Data shown>
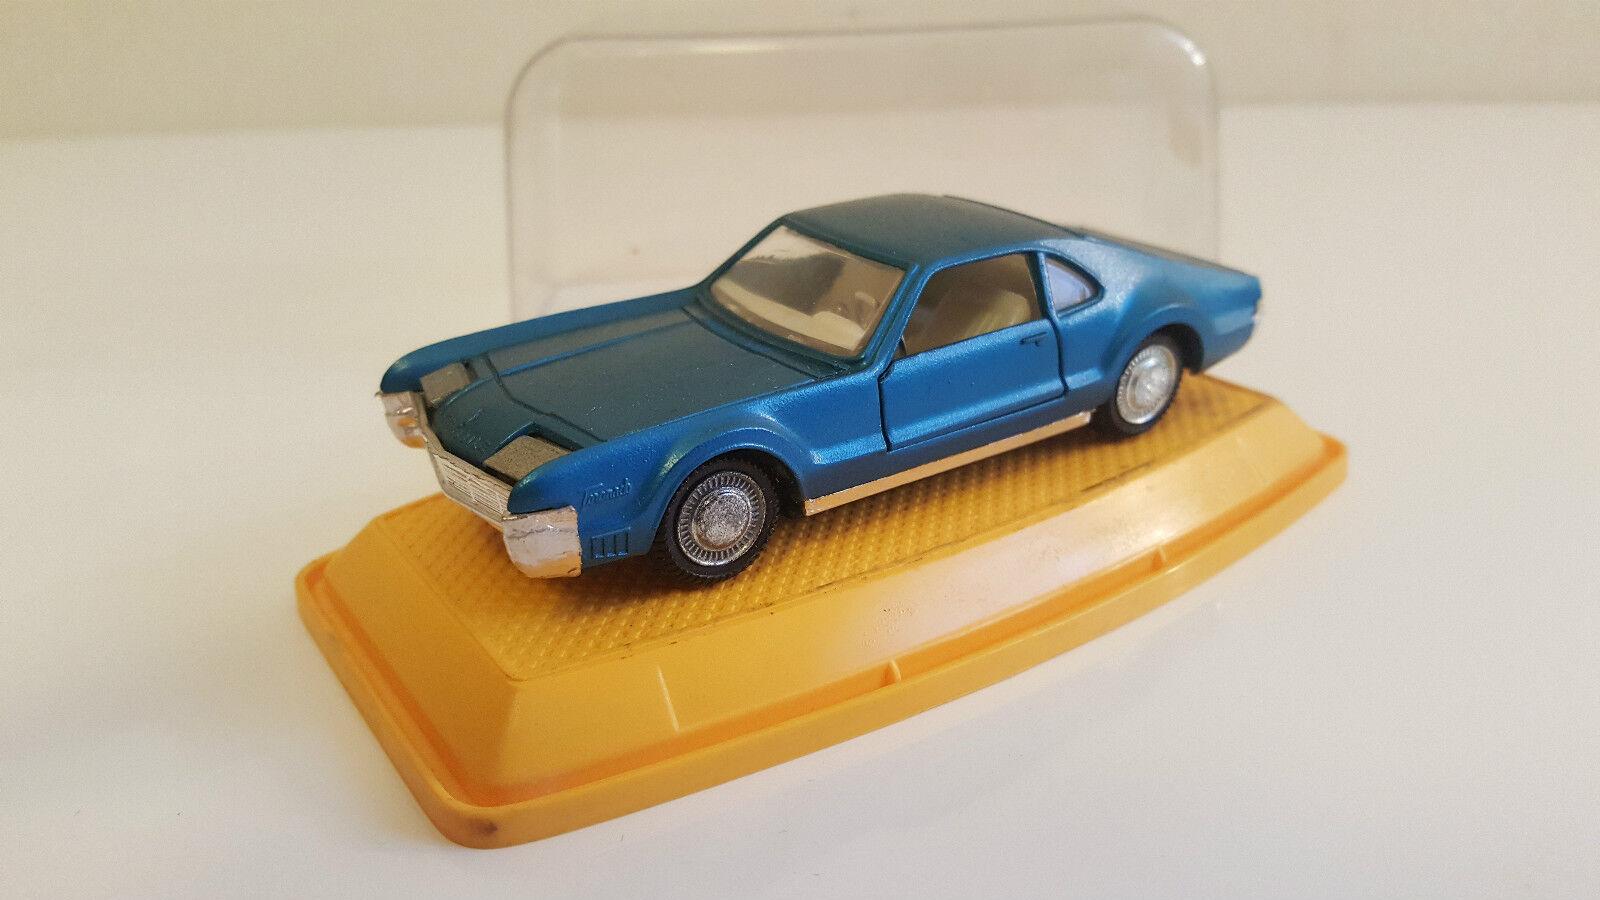 Pilen-m-307 - oldsmobile tgoldnado in original box (1 43)
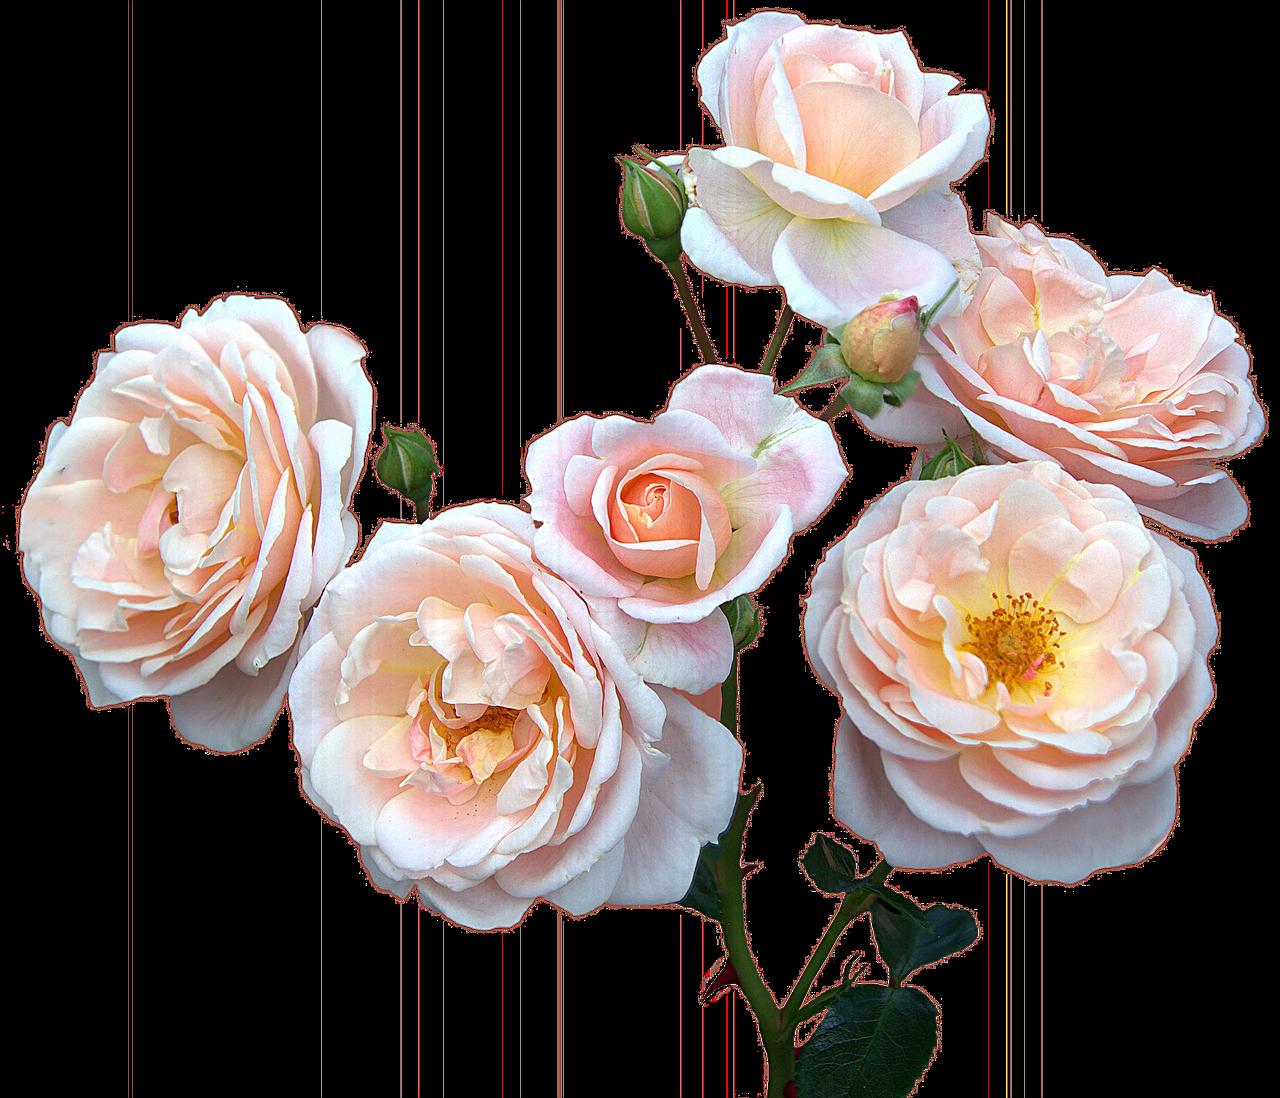 Roses Freemothers Daywomens Dayflowersbouquet Free Photo
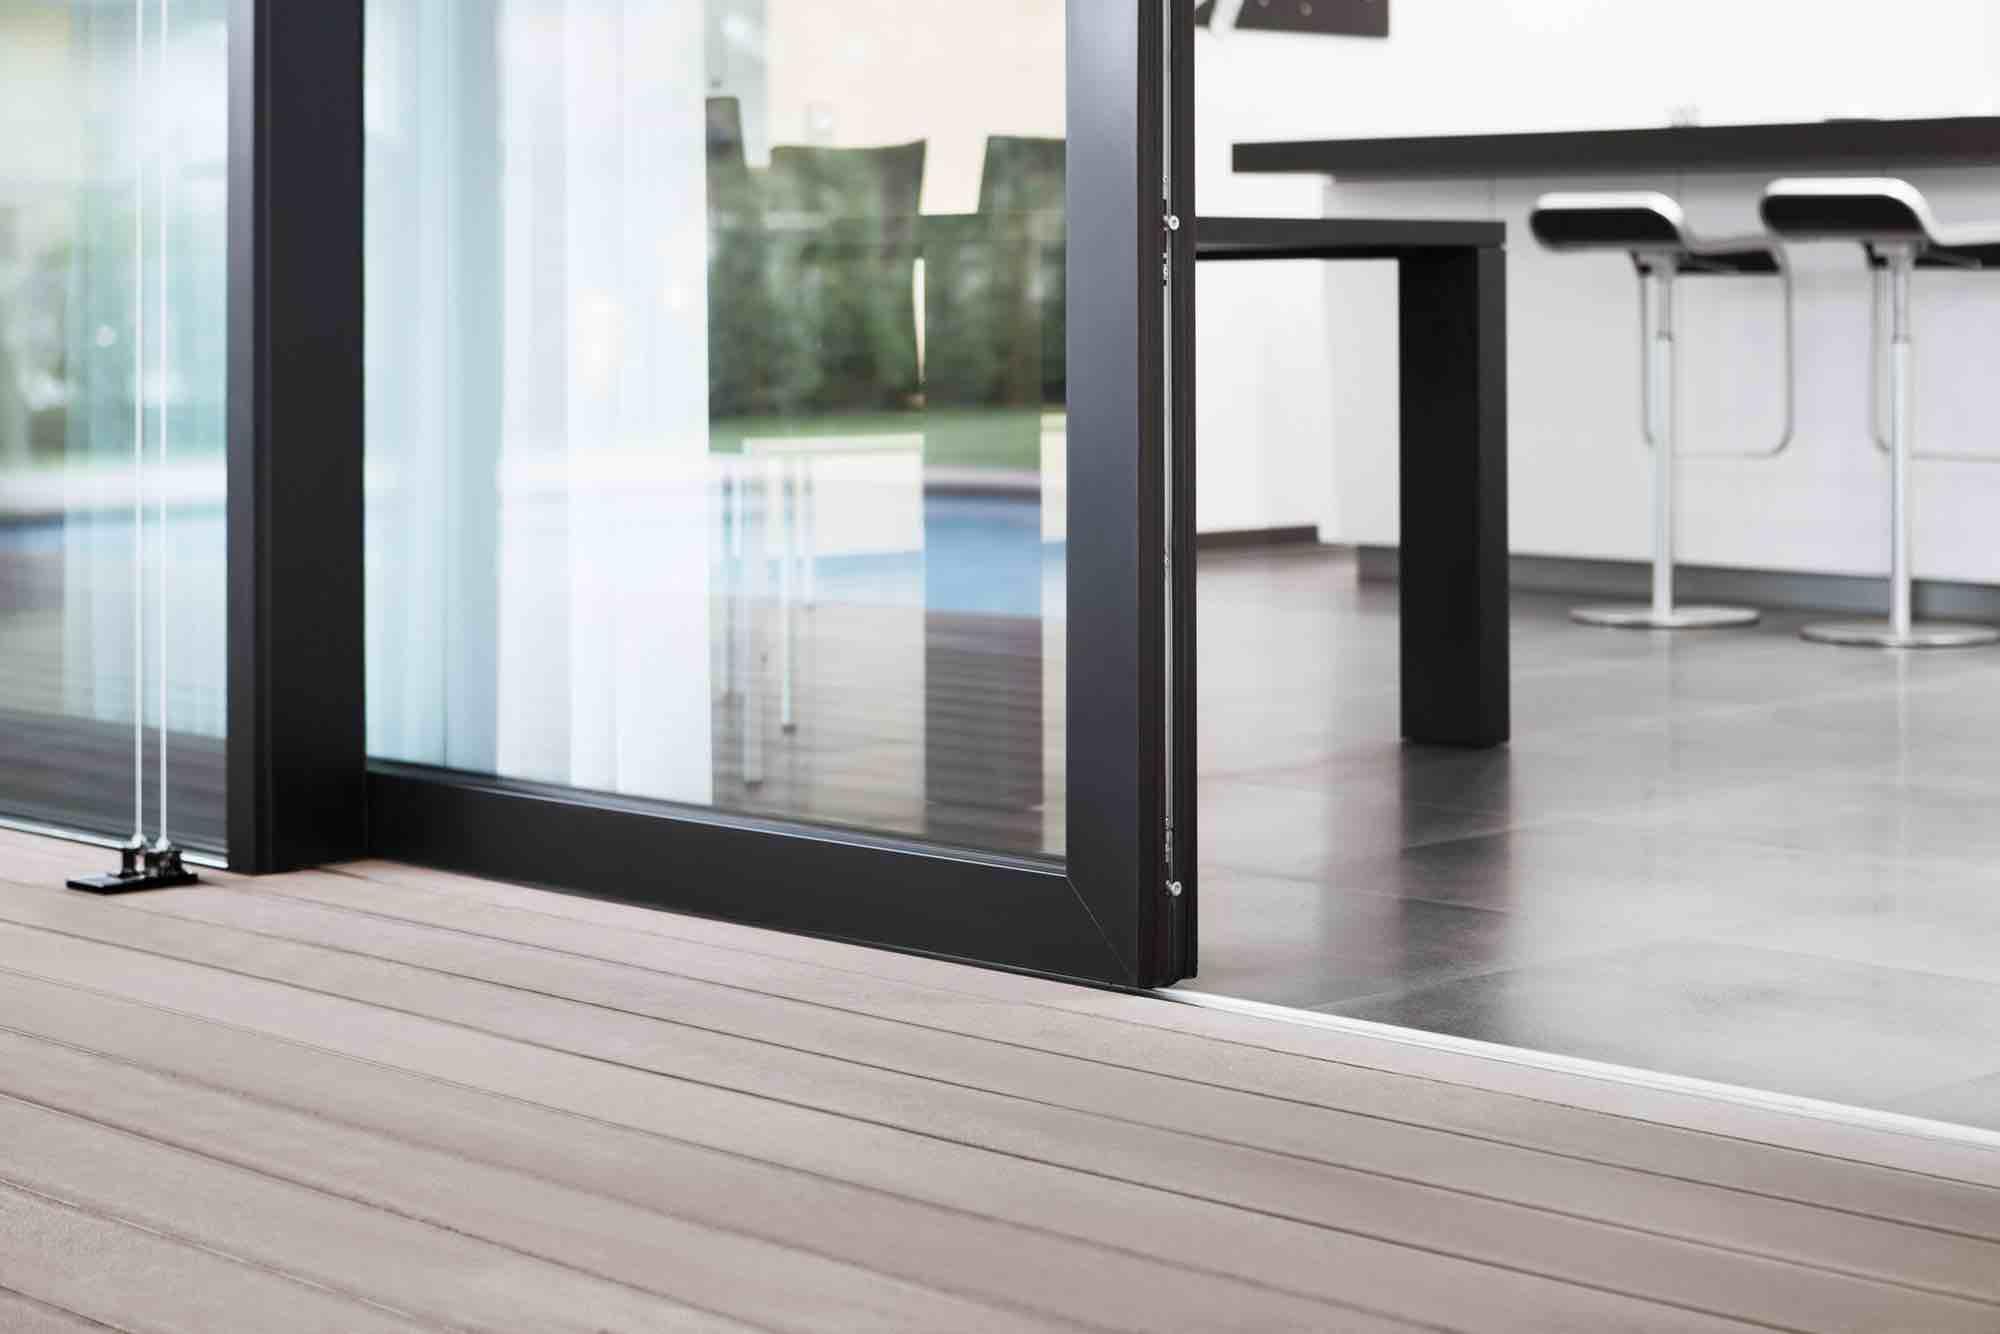 m2-house-monovolume-architecture-design_villa_moritzing_19
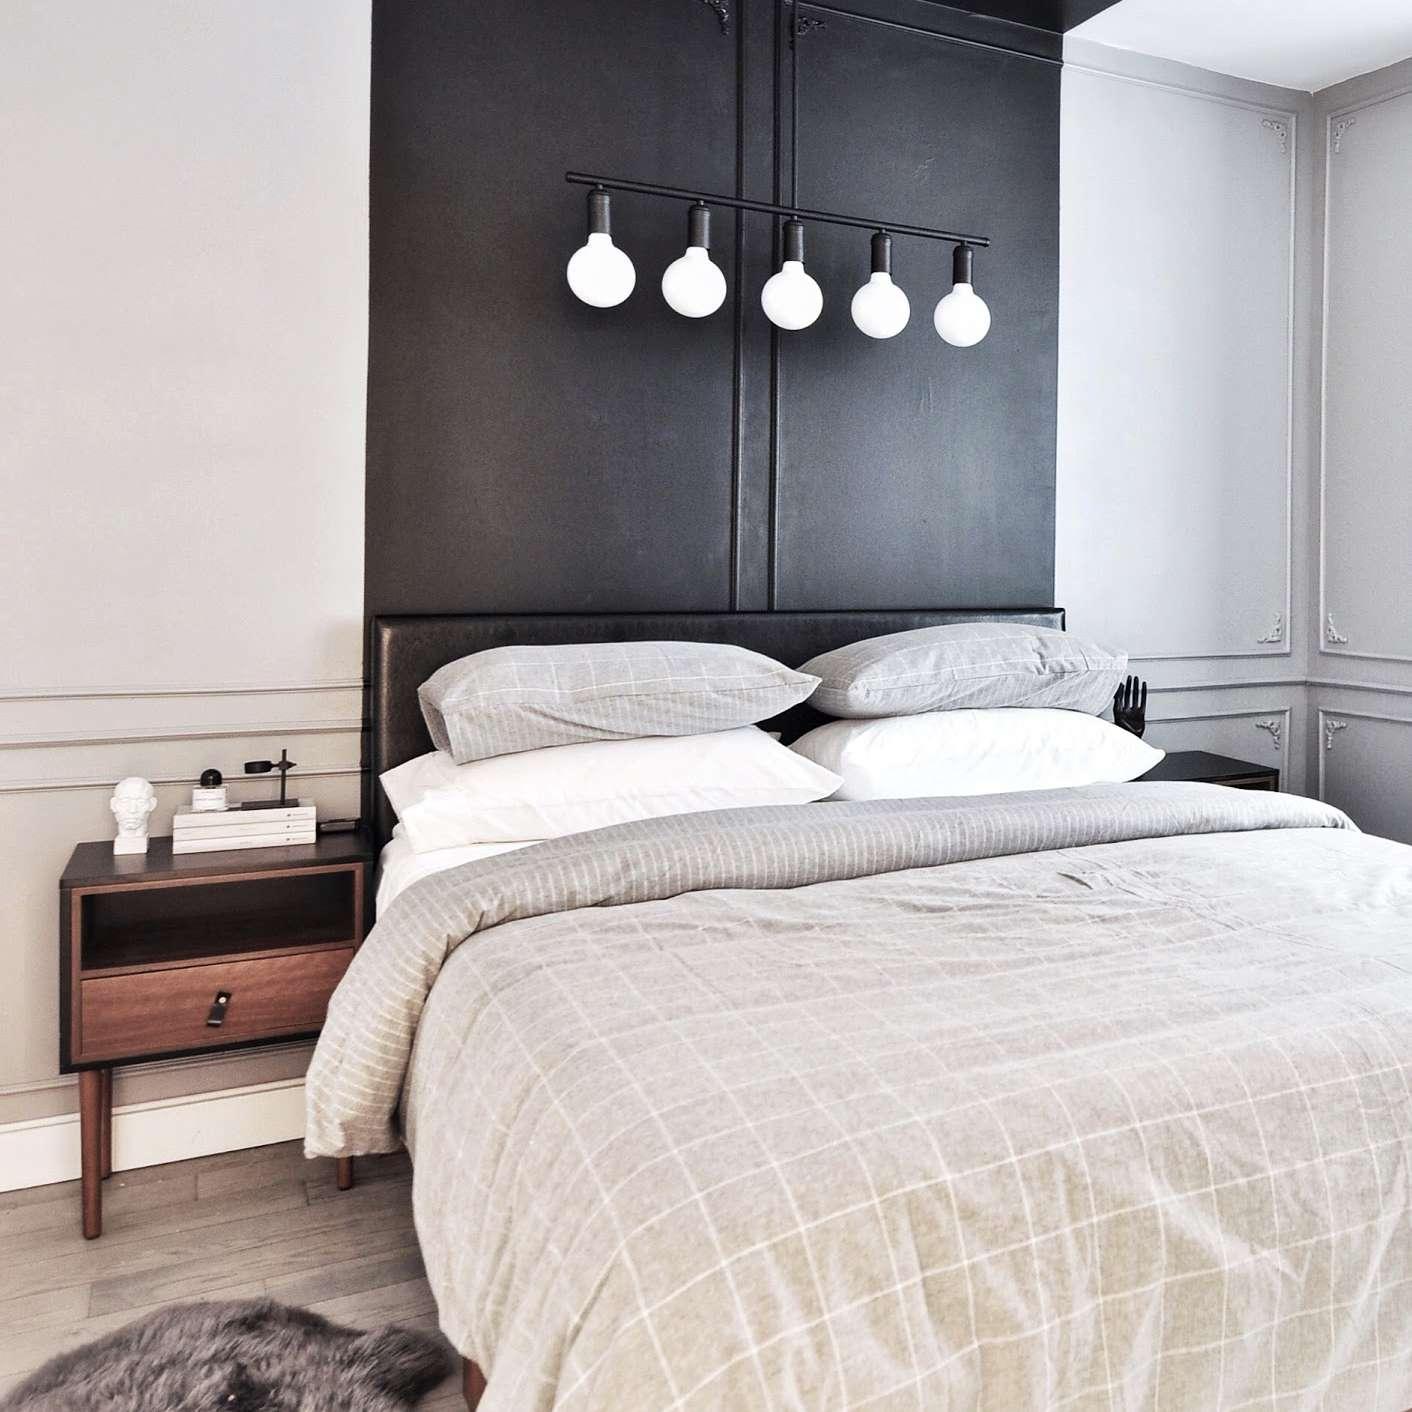 bedroom with black headboard - best bedroom ideas

What to do>
Without the pictures, write out every line above exactly as it appears.

Solution for this exercise>
 Pilen-m-307 - oldsmobile tgoldnado in original box (1 43)
 Roses Freemothers Daywomens Dayflowersbouquet Free Photo
 m2-house-monovolume-architecture-design_villa_moritzing_19
 bedroom with black headboard - best bedroom ideas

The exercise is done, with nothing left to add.